An Empirical Study of Mamba-based Language Models

(Roger Waleffe, Wonmin Byeon, Duncan Riach, Brandon Norick, Vijay Korthikanti, Tri Dao, Albert Gu, Ali Hatamizadeh, Sudhakar Singh, Deepak Narayanan, Garvit Kulshreshtha, Vartika Singh, Jared Casper, Jan Kautz, Mohammad Shoeybi, Bryan Catanzaro)

Selective state-space models (SSMs) like Mamba overcome some of the shortcomings of Transformers, such as quadratic computational complexity with sequence length and large inference-time memory requirements from the key-value cache. Moreover, recent studies have shown that SSMs can match or exceed the language modeling capabilities of Transformers, making them an attractive alternative. In a controlled setting (e.g., same data), however, studies so far have only presented small scale experiments comparing SSMs to Transformers. To understand the strengths and weaknesses of these architectures at larger scales, we present a direct comparison between 8B-parameter Mamba, Mamba-2, and Transformer models trained on the same datasets of up to 3.5T tokens. We also compare these models to a hybrid architecture consisting of 43% Mamba-2, 7% attention, and 50% MLP layers (Mamba-2-Hybrid). Using a diverse set of tasks, we answer the question of whether Mamba models can match Transformers at larger training budgets. Our results show that while pure SSMs match or exceed Transformers on many tasks, they lag behind Transformers on tasks which require strong copying or in-context learning abilities (e.g., 5-shot MMLU, Phonebook) or long-context reasoning. In contrast, we find that the 8B Mamba-2-Hybrid exceeds the 8B Transformer on all 12 standard tasks we evaluated (+2.65 points on average) and is predicted to be up to 8x faster when generating tokens at inference time. To validate long-context capabilities, we provide additional experiments evaluating variants of the Mamba-2-Hybrid and Transformer extended to support 16K, 32K, and 128K sequences. On an additional 23 long-context tasks, the hybrid model continues to closely match or exceed the Transformer on average. To enable further study, we release the checkpoints as well as the code used to train our models as part of NVIDIA's Megatron-LM project.

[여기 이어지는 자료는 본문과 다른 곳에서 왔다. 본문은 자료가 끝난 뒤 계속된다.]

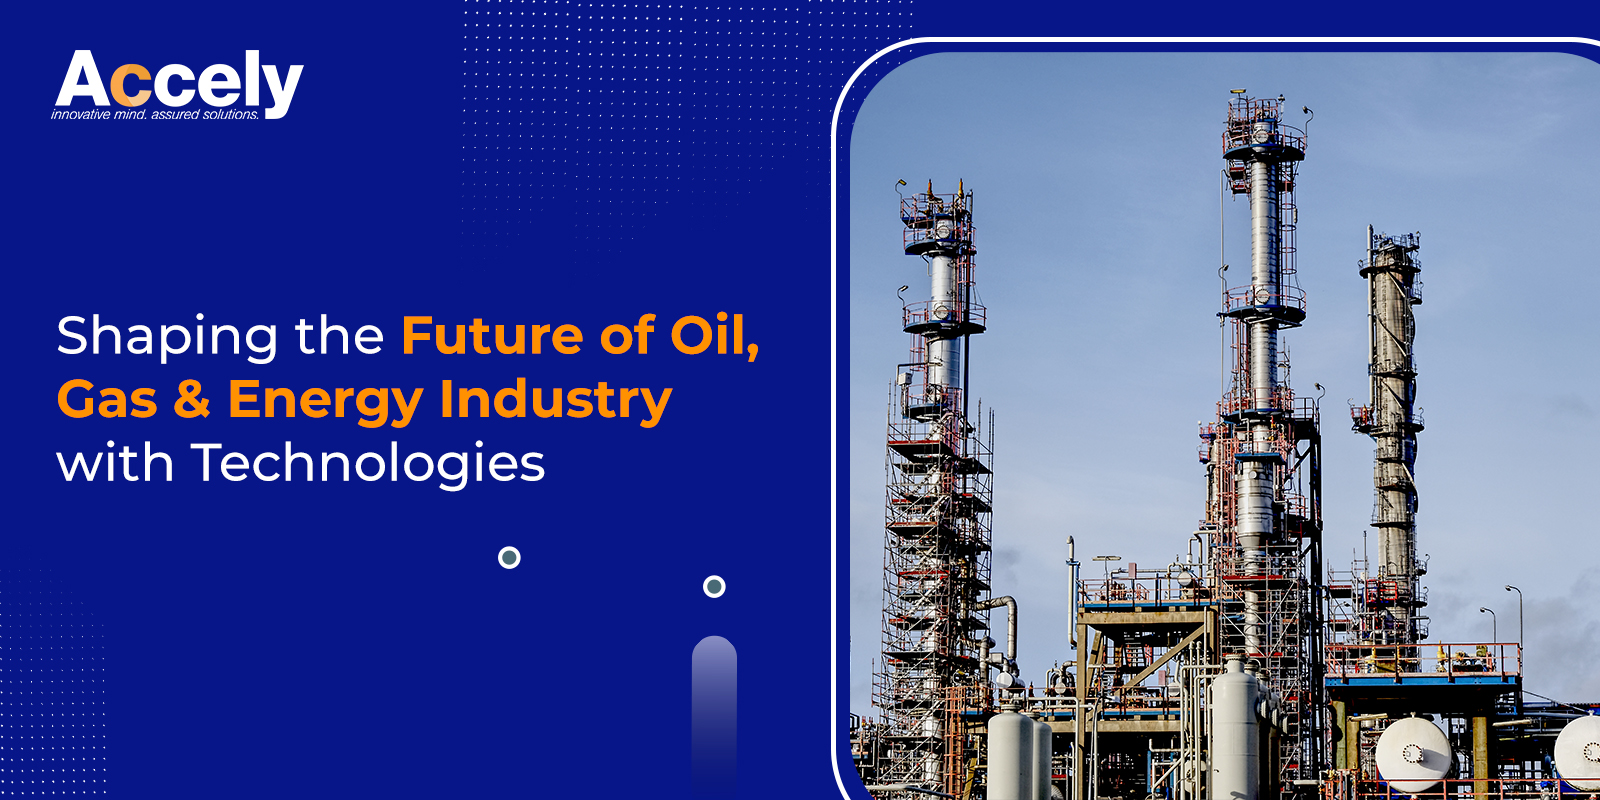 Shaping the Future of Oil, Gas & Energy Industry with Technologies
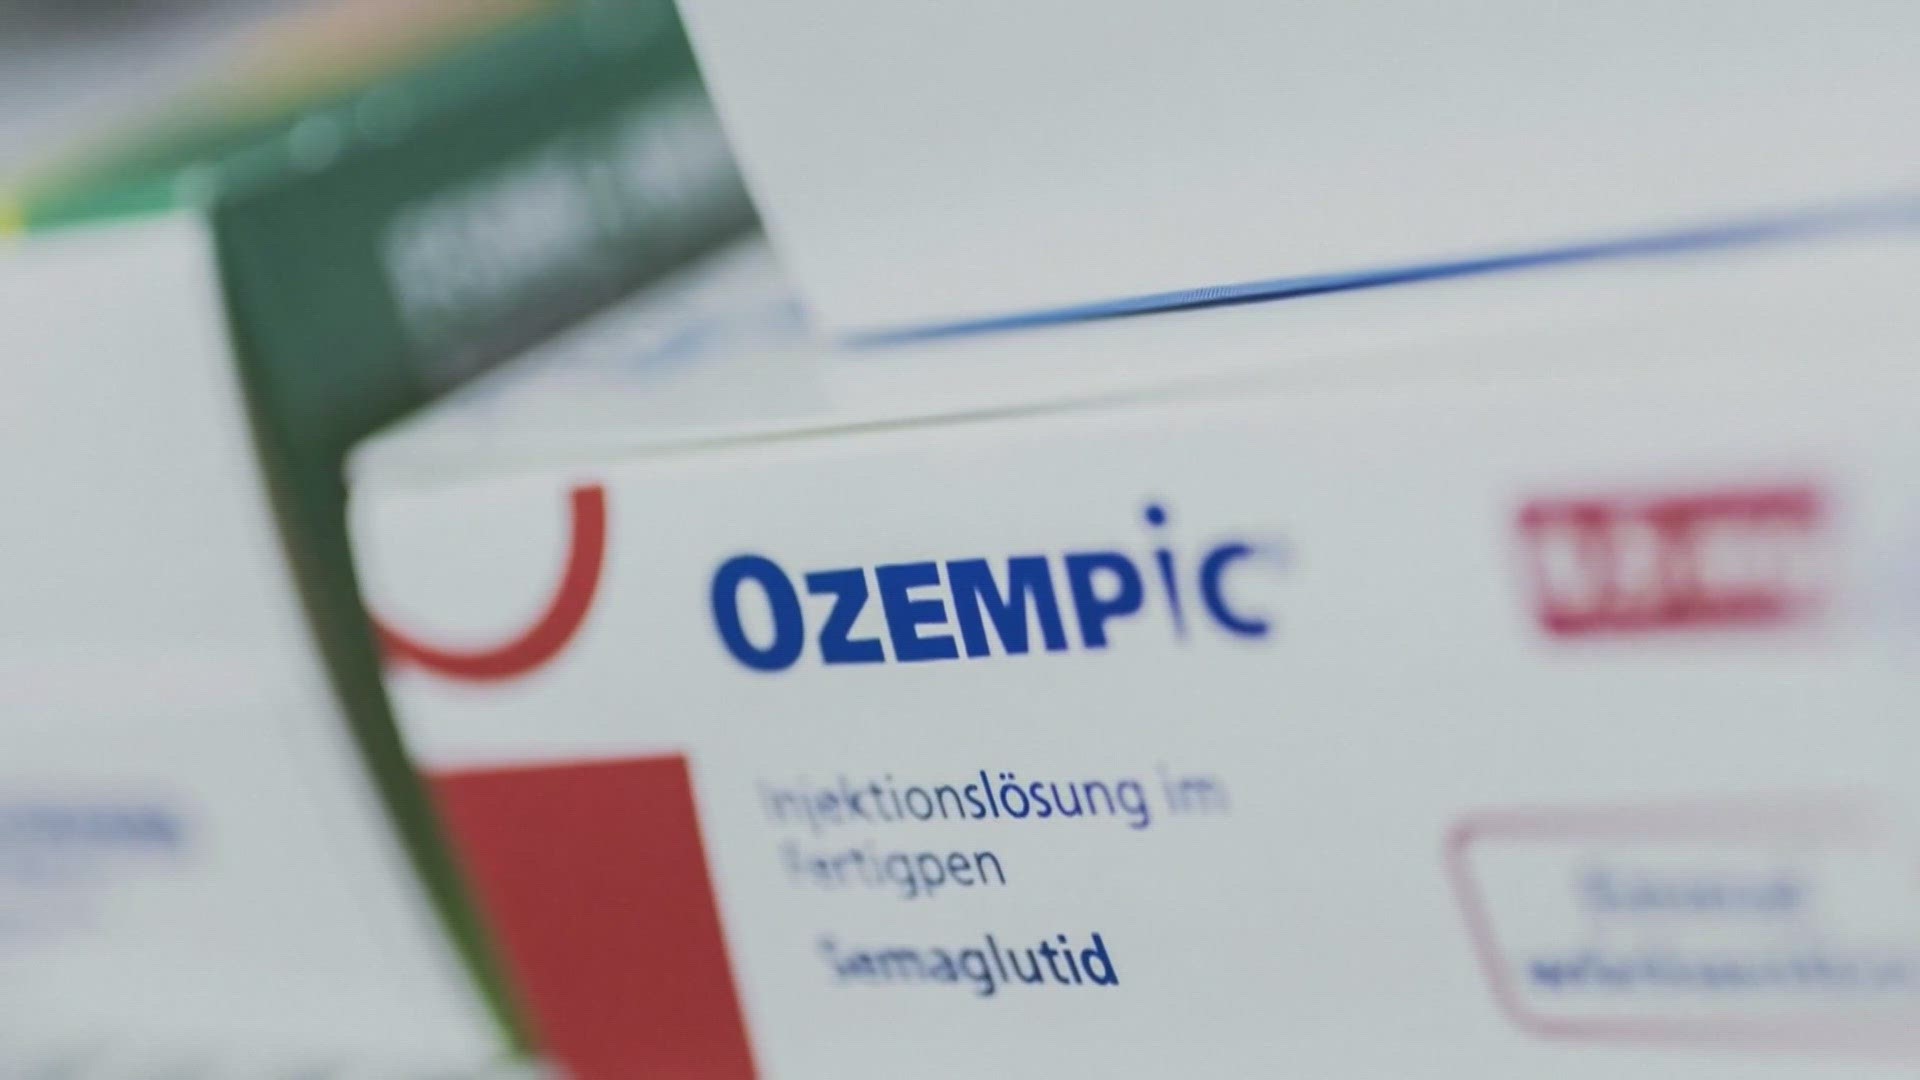 The Diabetes medicine Ozempic has become a big talker on social media, being used as a weight loss drug, but what are the risks and rewards? 6 News breaks it down.

NVIDIA 쪽에서 Mamba와 Mamba-2 (https://arxiv.org/abs/2405.21060), 그리고 하이브리드 모델에 대한 학습과 평가를 진행했군요. Megatron-LM에도 코드가 릴리즈 됐다고 합니다.

Mamba 단독으로는 어렵다는 것을 재발견 했고 하이브리드 모델은 트랜스포머를 거의 따라잡거나 상회할 수 있다는 것을 확인했습니다. 다만 하이브리드 모델이 맥락에 민감하다는 것, 즉 맥락에 맞지 않는 텍스트들이 들어간 경우나 프롬프트의 포맷 등에 민감하다는 것을 발견했네요. 관계 없는 문서들을 이어붙여 시퀀스 길이를 채우는 일반적인 학습 방법이 SSM에는 안 맞을 수도 있을 것 같다는 이야기를 합니다. 상태 리셋 같은 것이 필요할지도 모르겠네요.

#state-space-model

OmniCorpus: An Unified Multimodal Corpus of 10 Billion-Level Images Interleaved with Text

(Qingyun Li, Zhe Chen, Weiyun Wang, Wenhai Wang, Shenglong Ye, Zhenjiang Jin, Guanzhou Chen, Yinan He, Zhangwei Gao, Erfei Cui, Jiashuo Yu, Hao Tian, Jiasheng Zhou, Chao Xu, Bin Wang, Xingjian Wei, Wei Li, Wenjian Zhang, Bo Zhang, Pinlong Cai, Licheng Wen, Xiangchao Yan, Pei Chu, Yi Wang, Min Dou, Changyao Tian, Xizhou Zhu, Lewei Lu, Yushi Chen, Junjun He, Tong Lu, Yali Wang, Limin Wang, Dahua Lin, Yu Qiao, Botian Shi, Conghui He, Jifeng Dai)

Image-text interleaved data, consisting of multiple images and texts arranged in a natural document format, aligns with the presentation paradigm of internet data and closely resembles human reading habits. Recent studies have shown that such data aids multimodal in-context learning and maintains the capabilities of large language models during multimodal fine-tuning. However, the limited scale and diversity of current image-text interleaved data restrict the development of multimodal large language models. In this paper, we introduce OmniCorpus, a 10 billion-scale image-text interleaved dataset. Using an efficient data engine, we filter and extract large-scale high-quality documents, which contain 8.6 billion images and 1,696 billion text tokens. Compared to counterparts (e.g., MMC4, OBELICS), our dataset 1) has 15 times larger scales while maintaining good data quality; 2) features more diverse sources, including both English and non-English websites as well as video-centric websites; 3) is more flexible, easily degradable from an image-text interleaved format to pure text corpus and image-text pairs. Through comprehensive analysis and experiments, we validate the quality, usability, and effectiveness of the proposed dataset. We hope this could provide a solid data foundation for future multimodal model research. Code and data are released at https://github.com/OpenGVLab/OmniCorpus.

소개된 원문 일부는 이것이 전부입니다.